= D. Robert Yarnall =

American mechanical engineer

David Robert Yarnall, Sr. (June 28, 1878 – September 11, 1967) was an American mechanical engineer, co-founder and president of the Yarnall Waring Company in Philadelphia, and the 65th president of the American Society of Mechanical Engineers in 1946–47.

Yarnall was born in 1878 in Middletown Township, Delaware County, Pennsylvania as son of Edward S. Yarnall and Sidney S. (Garrett) Yarnall. After attending the Westtown School from 1892 to 1897, he obtained his Bsc in Mechanical Engineering from the University of Pennsylvania in 1901.

After graduation Yarnall started working as engineer at Coatesville Boiler Works in Coatesville, Pennsylvania, and allied companies from 1901 to 1906. In 1908 Yarnall and Bernard G. Waring founded the Yarnall Waring Company for the manufacturing of specialty valves for power plants. He served as president of the company until 1957, and afterwards as chairman of the board.

Yarnall was a respected leader within the Religious Society of Friends in the Philadelphia area. He volunteered to lead Quaker relief efforts in Germany after World War I, and was a founding member in the 1920s of the Business Problems Group of Philadelphia Yearly Meeting. In 1938 Yarnall traveled with George Walton and Rufus Jones on a mission to Nazi Germany to try to help Jewish people there after the Kristallnacht.

In 1941 Yarnall was awarded the Hoover Medal, and in 1942 he received the honorary Doctor Engineering from Lehigh University. He was elected president of the American Society of Mechanical Engineers for the year 1946–47, and in 1947 received the honorary Doctor of Science from Haverford College.
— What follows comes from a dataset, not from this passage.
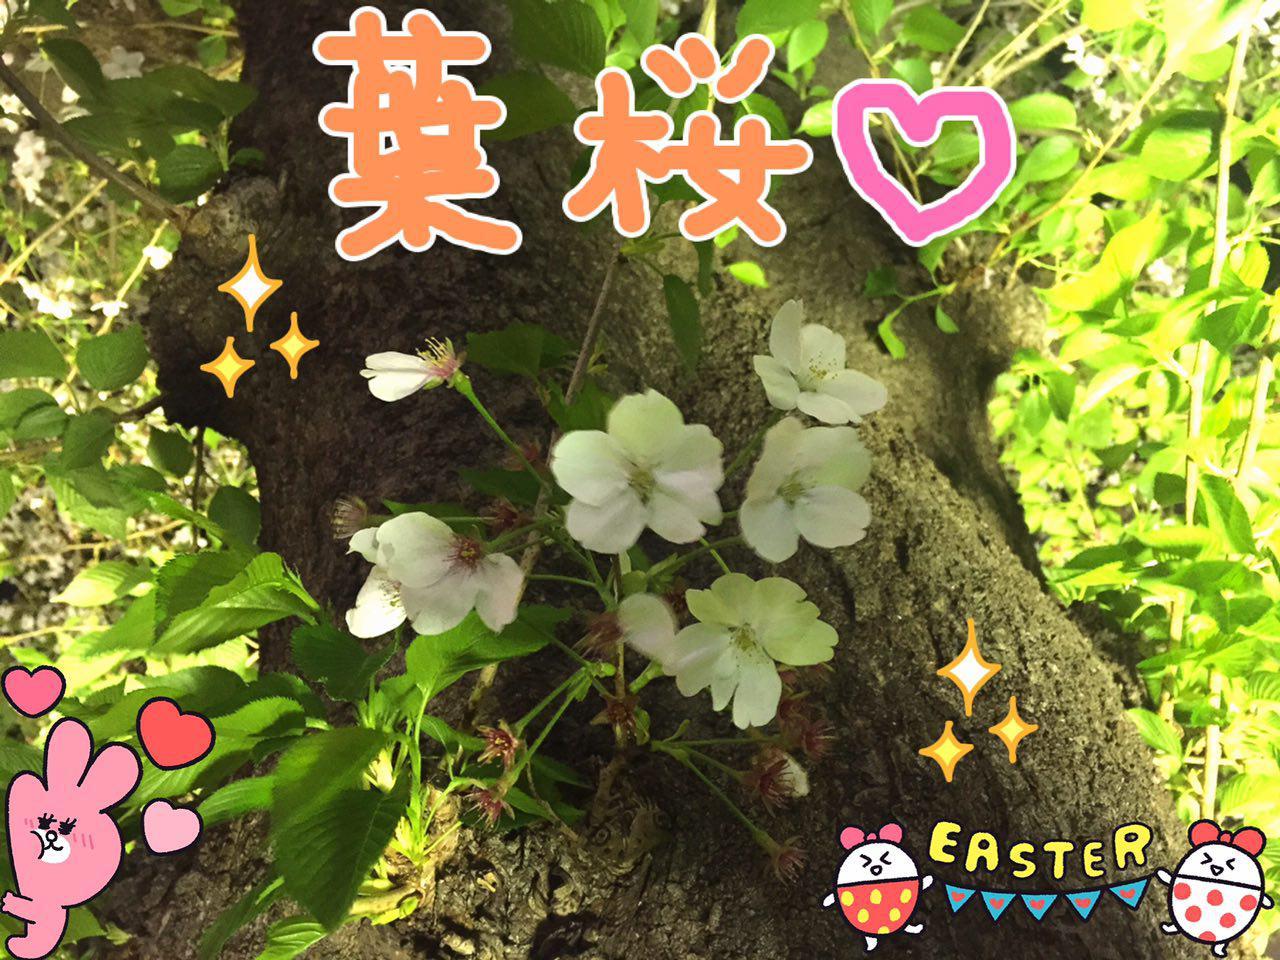 photo_2017-04-14_23-09-50.jpg

His son, Robert Yarnall Jr. (1925-1999), followed into his footsteps.

== Patents, a selection ==
- Yarnall, David Robert. "Automatic meter control." U.S. Patent No. 1,143,344. 15 Jun. 1915.
- Yarnall, David Robert. "Non-heating valve hand-wheel." U.S. Patent No. 1,218,032. 6 Mar. 1917.
- Yarnall, David Robert. "Sensitive weir-meter inlet control." U.S. Patent No. 1,307,609. 24 Jun. 1919.
- Robert, Yarnall David. "Steam trap." U.S. Patent No. 1,805,064. 12 May 1931.
- David, Robert Yarnall. "Control for valve turning and other operations." U.S. Patent No. 1,865,604. 5 Jul. 1932.